**Materials provided**
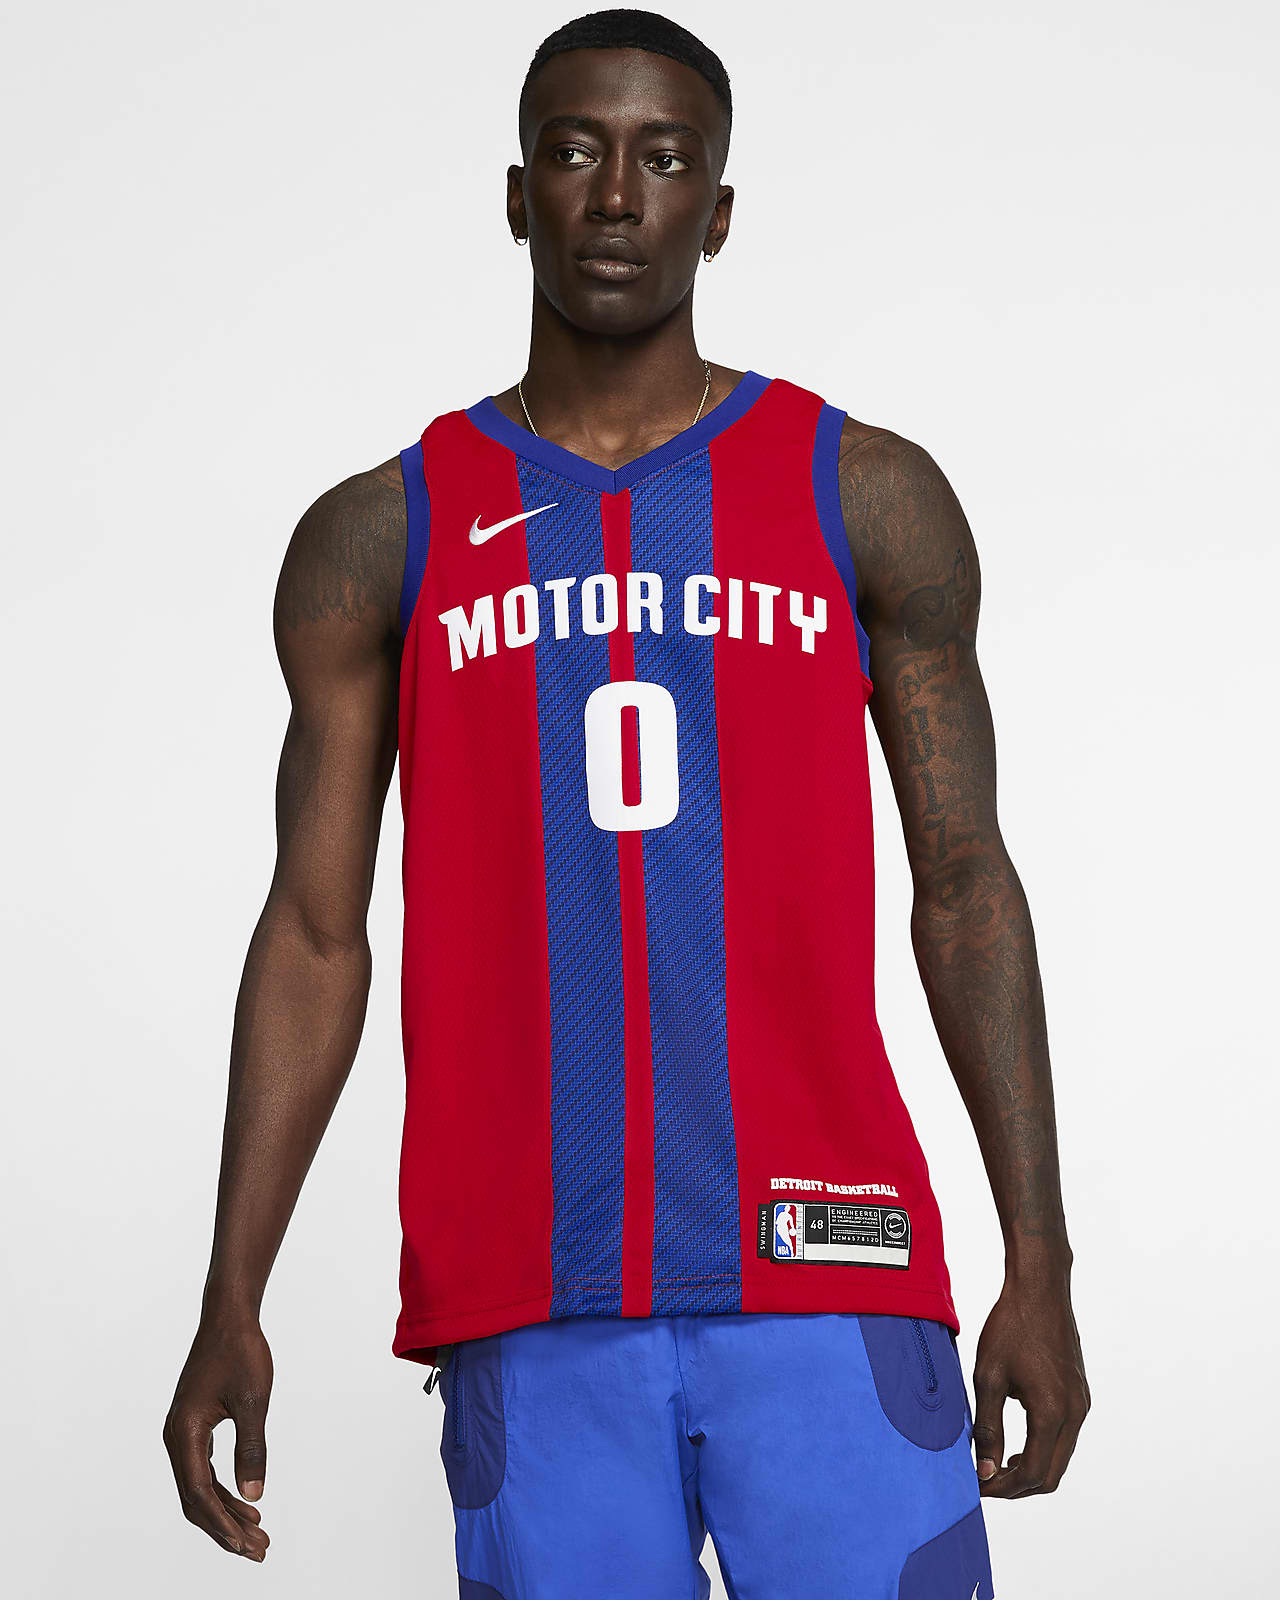 motor city jersey
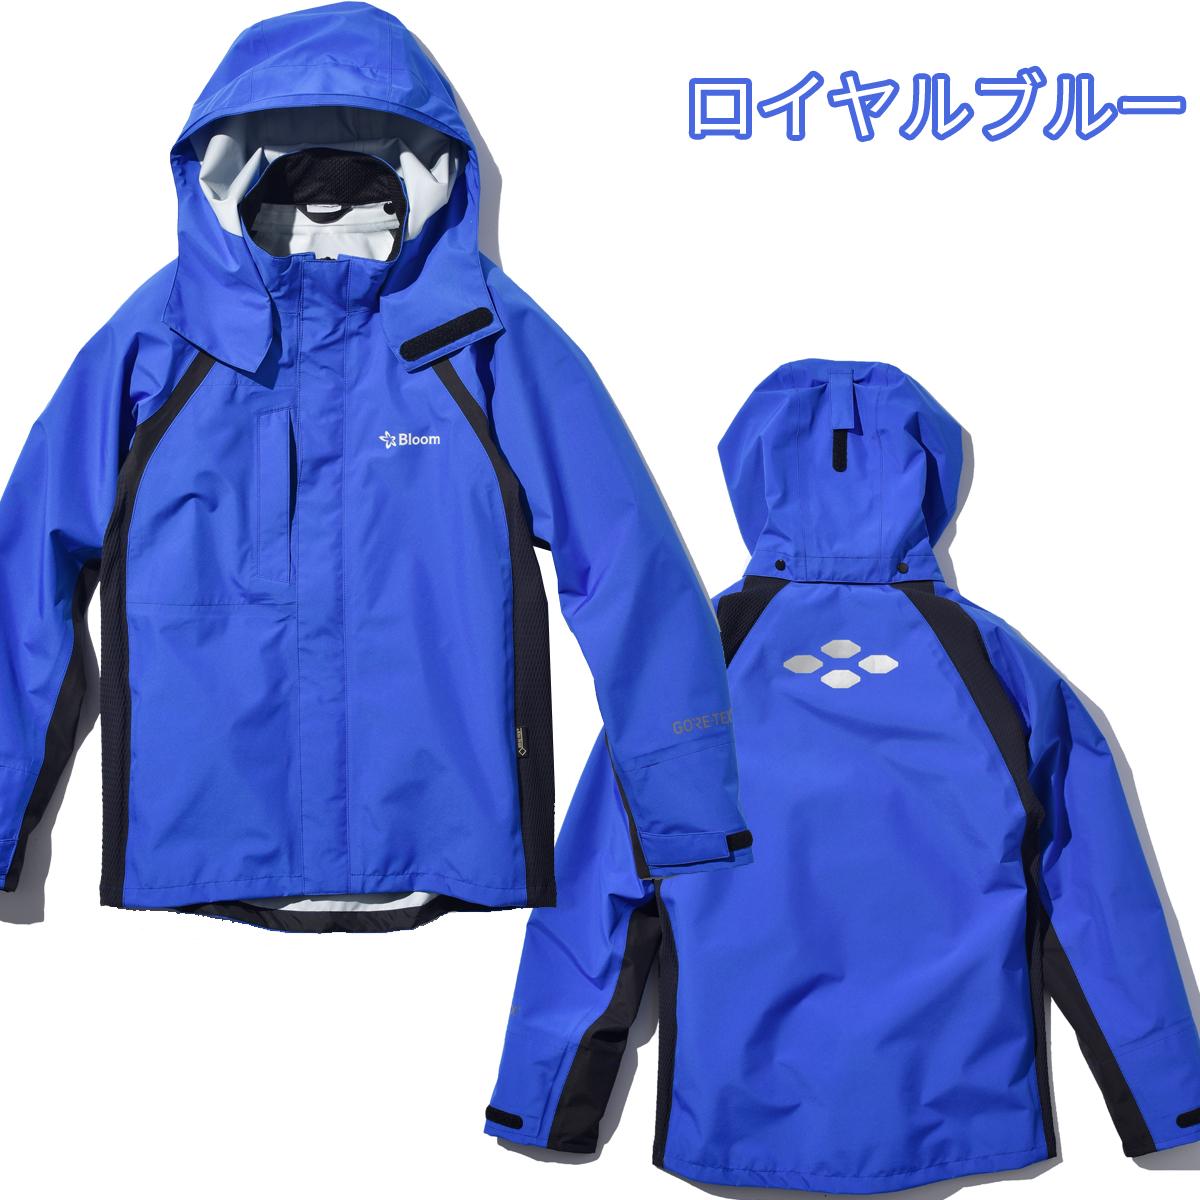 bloom ジャケット ブルー
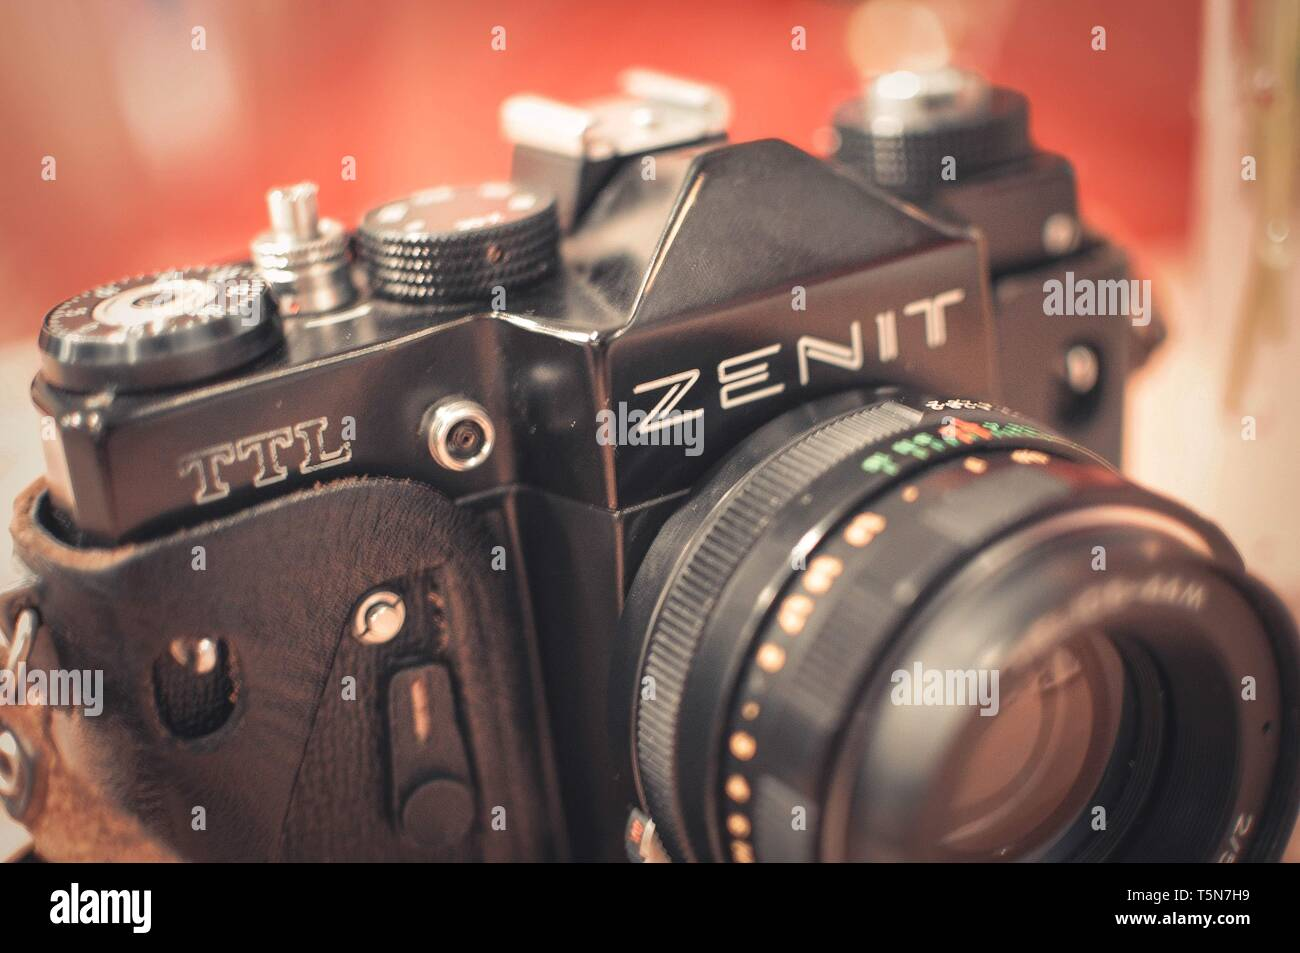 Ternopil, Ukraine - June 20, 2013. The old Soviet camera Zenit TTL - Stock Image
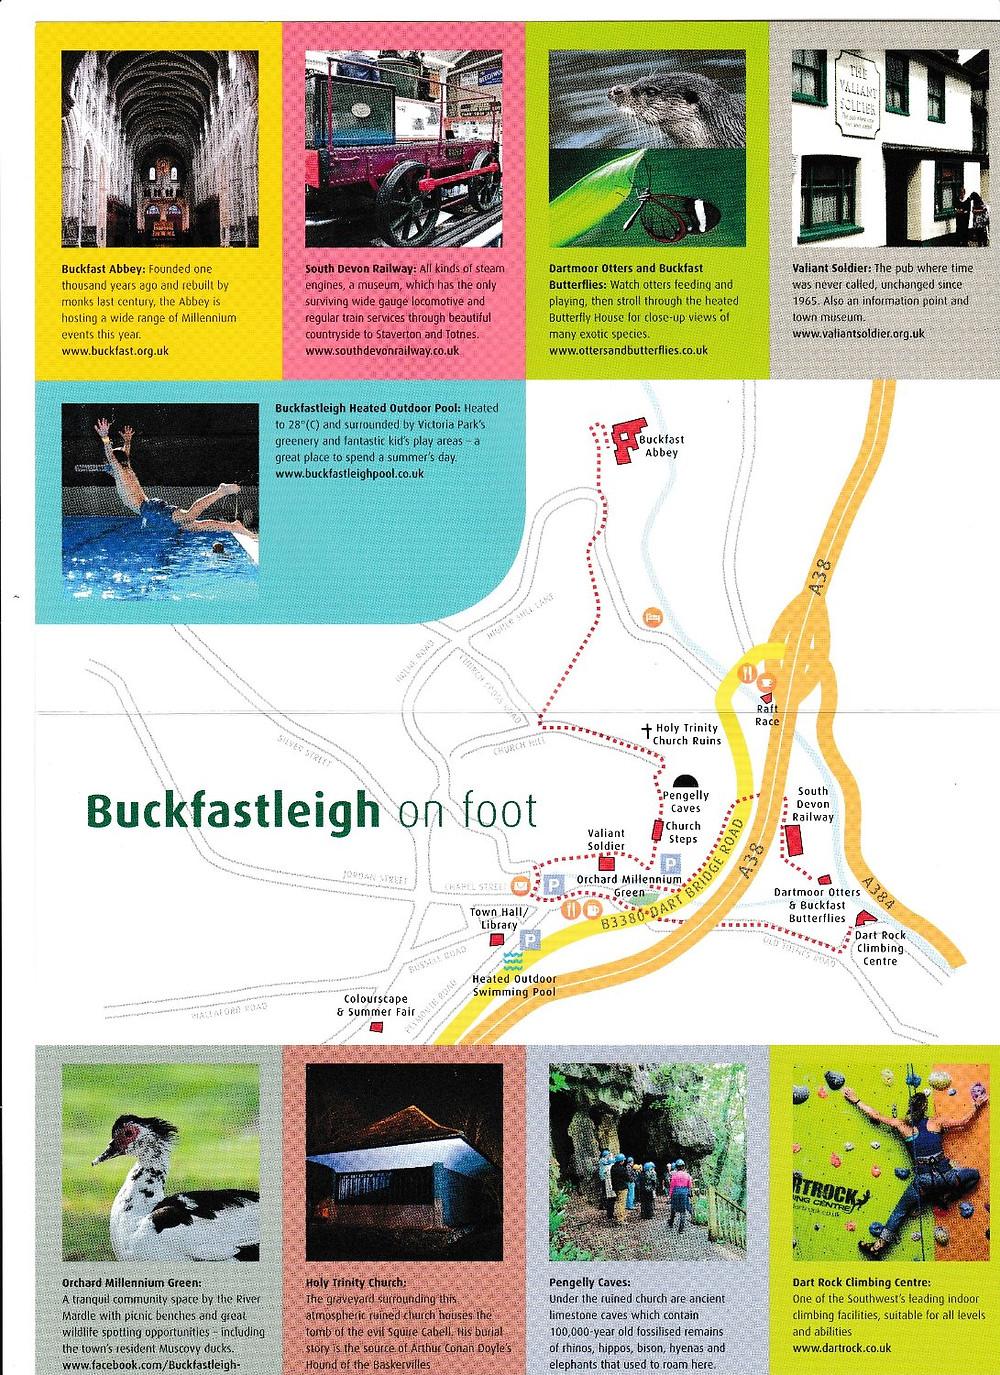 Buckfastleigh local attractions
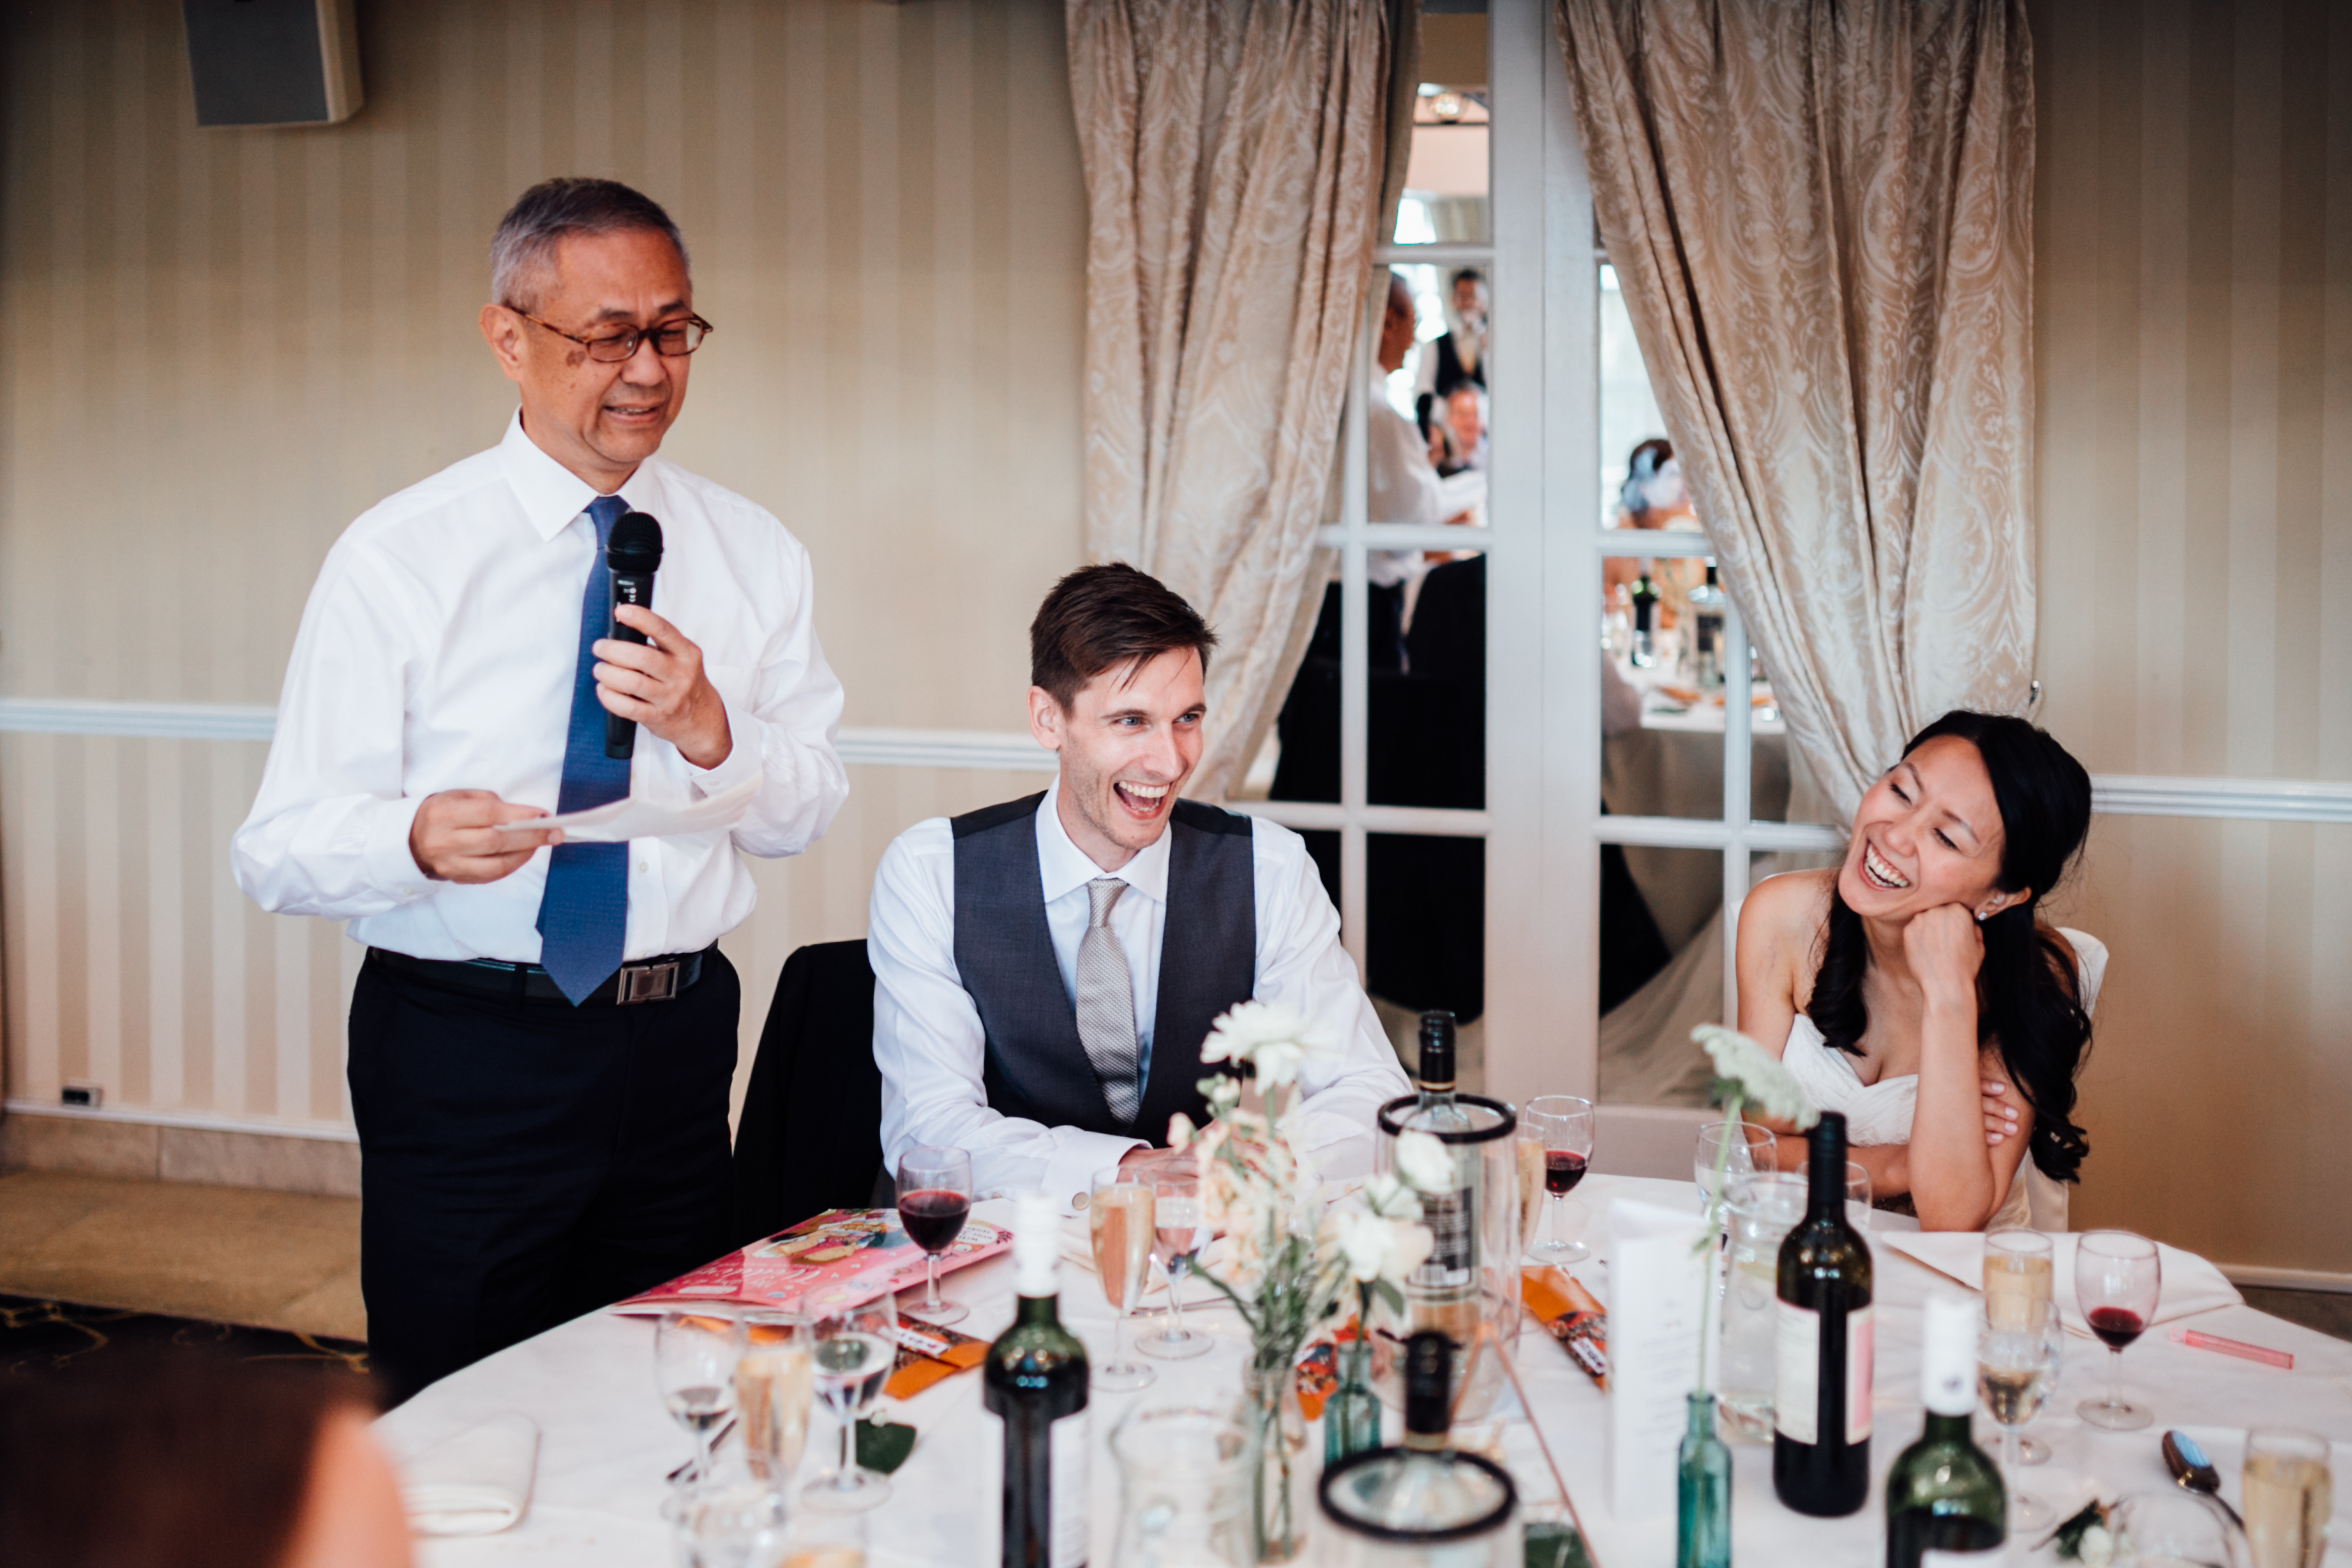 documentary wedding photography london and brighton speeches

**Exercise objective**
Exclude the images and output the lines above exactly.

**Answer space**
 motor city jersey
 bloom ジャケット ブルー
 Ternopil, Ukraine - June 20, 2013. The old Soviet camera Zenit TTL - Stock Image
 Buckfastleigh local attractions
 documentary wedding photography london and brighton speeches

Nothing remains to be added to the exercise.